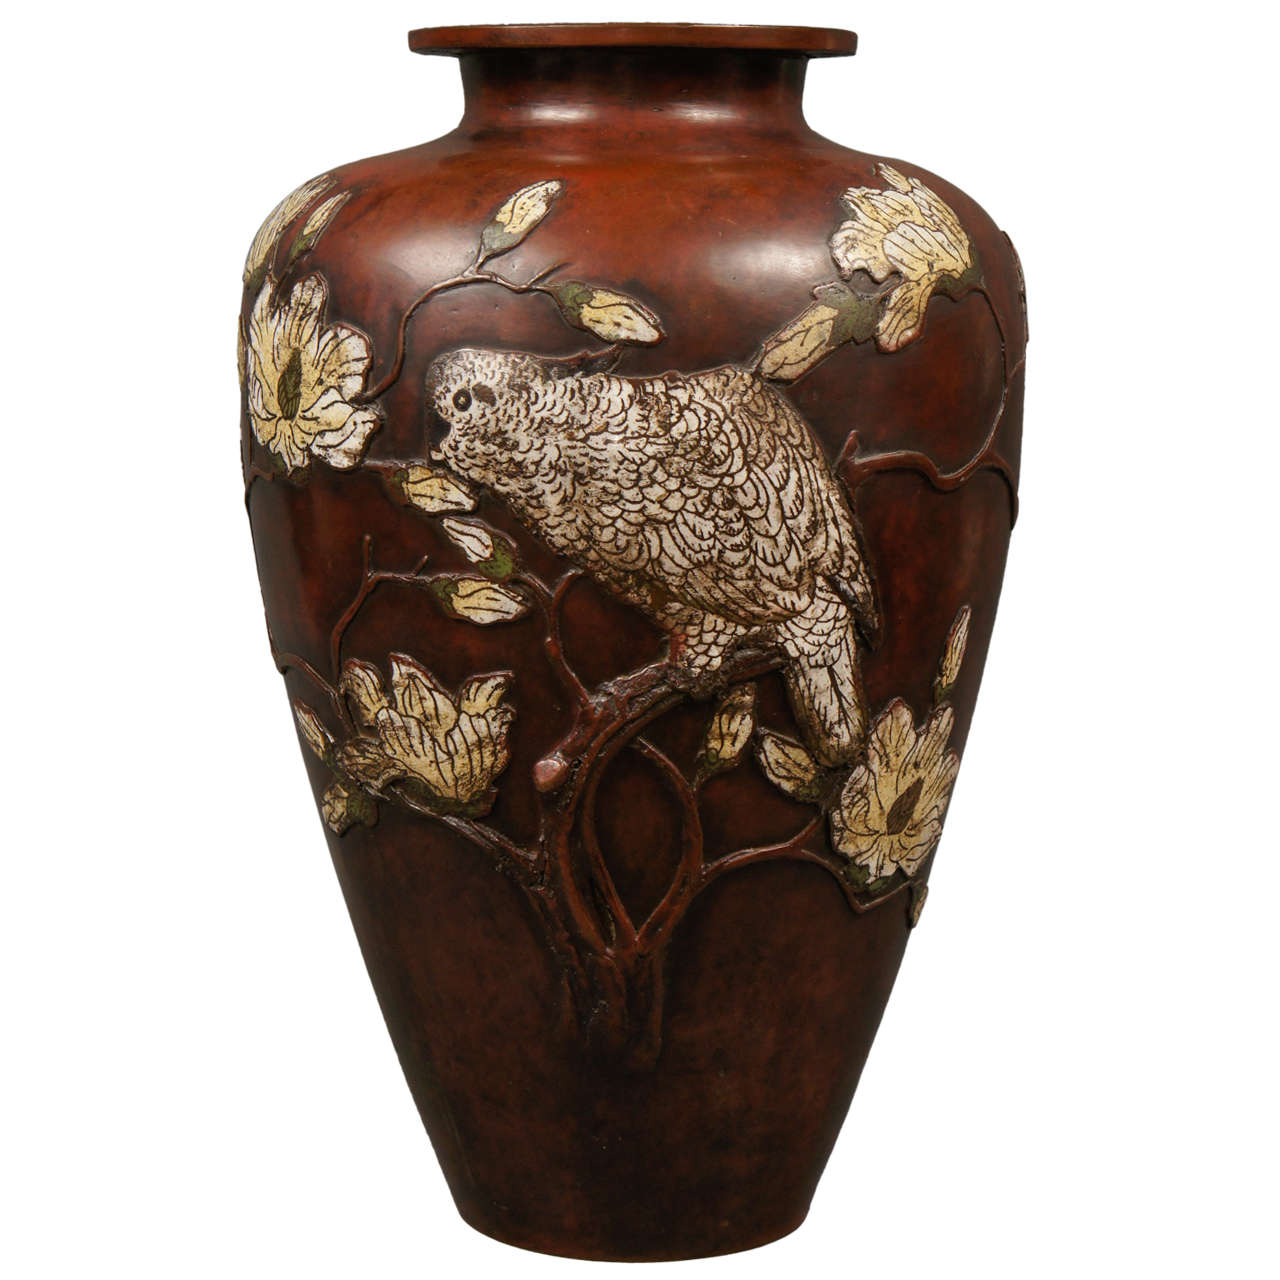 Japanese Bronze Vase For Sale At 1stdibs
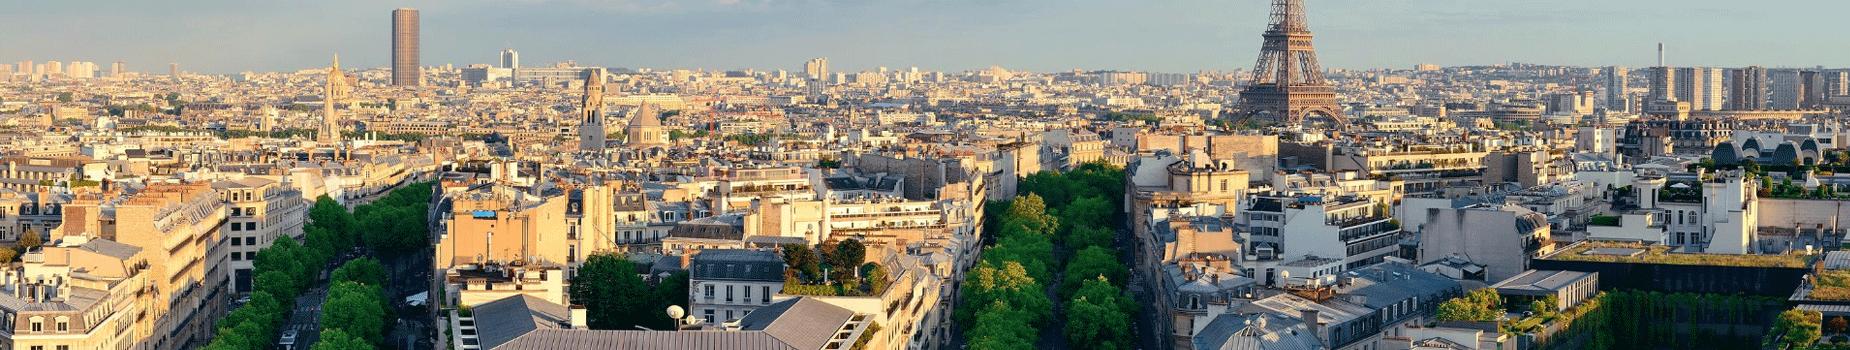 Ouderenreis Frankrijk
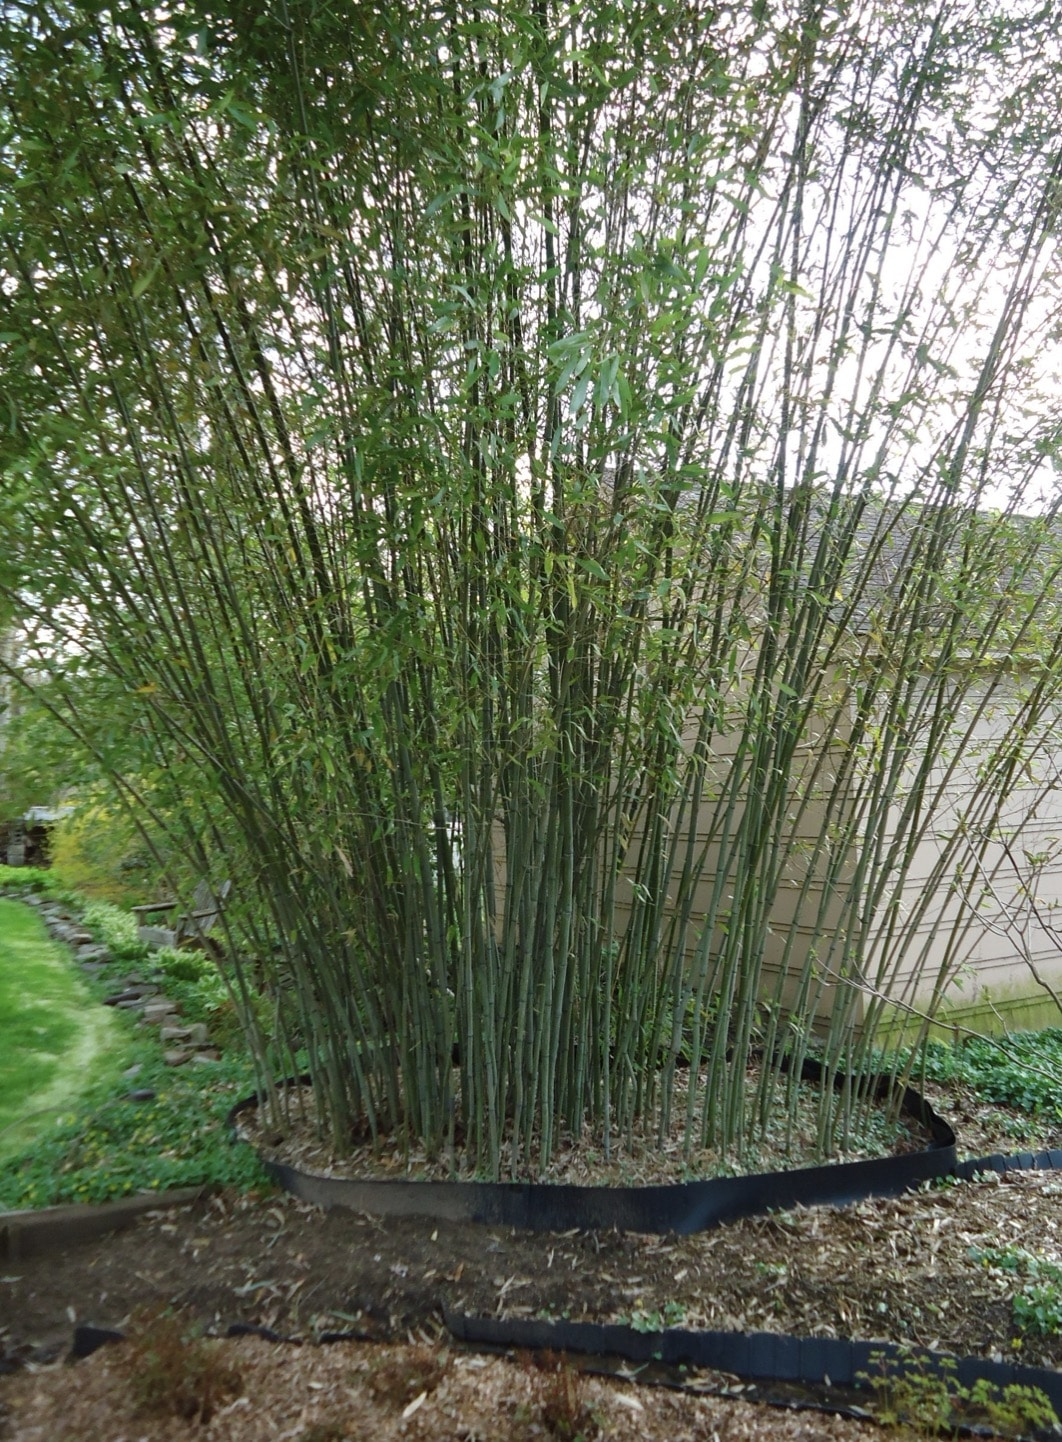 Growing bamboo in the backyard
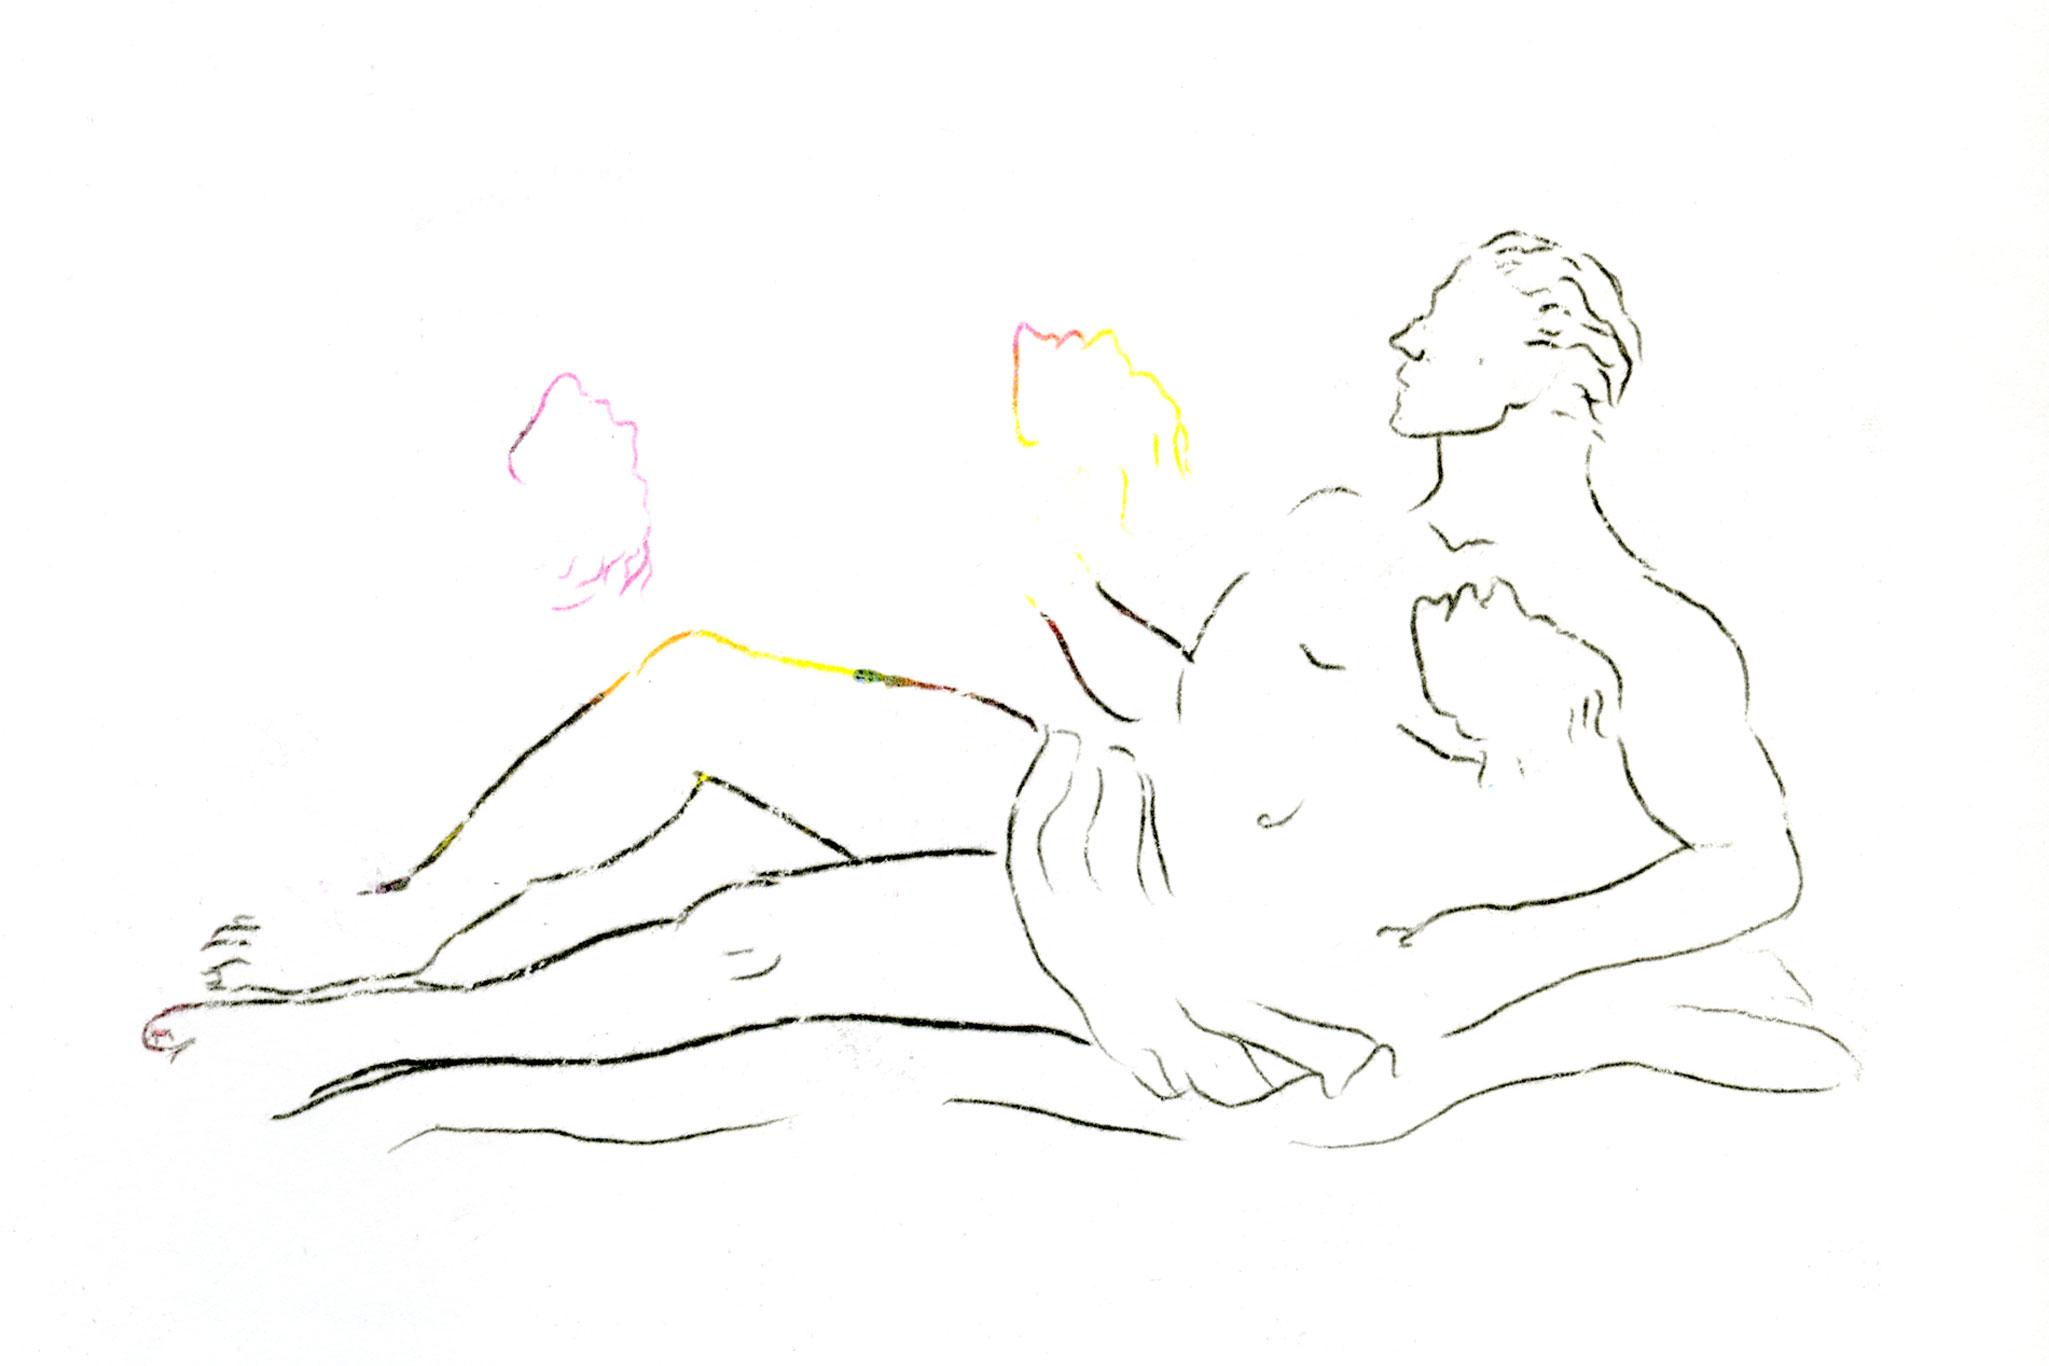 Claudia_Lemke_Untitled_15_Website_Galerie.jpg

• • • • • • •

#### [WHAT THE TASK ASKS]
Images are to be omitted; repeat the remaining data above exactly.

#### [WORKED SOLUTION]
 Japanese Bronze Vase For Sale At 1stdibs
 Ouderenreis Frankrijk
 Growing bamboo in the backyard
 Claudia_Lemke_Untitled_15_Website_Galerie.jpg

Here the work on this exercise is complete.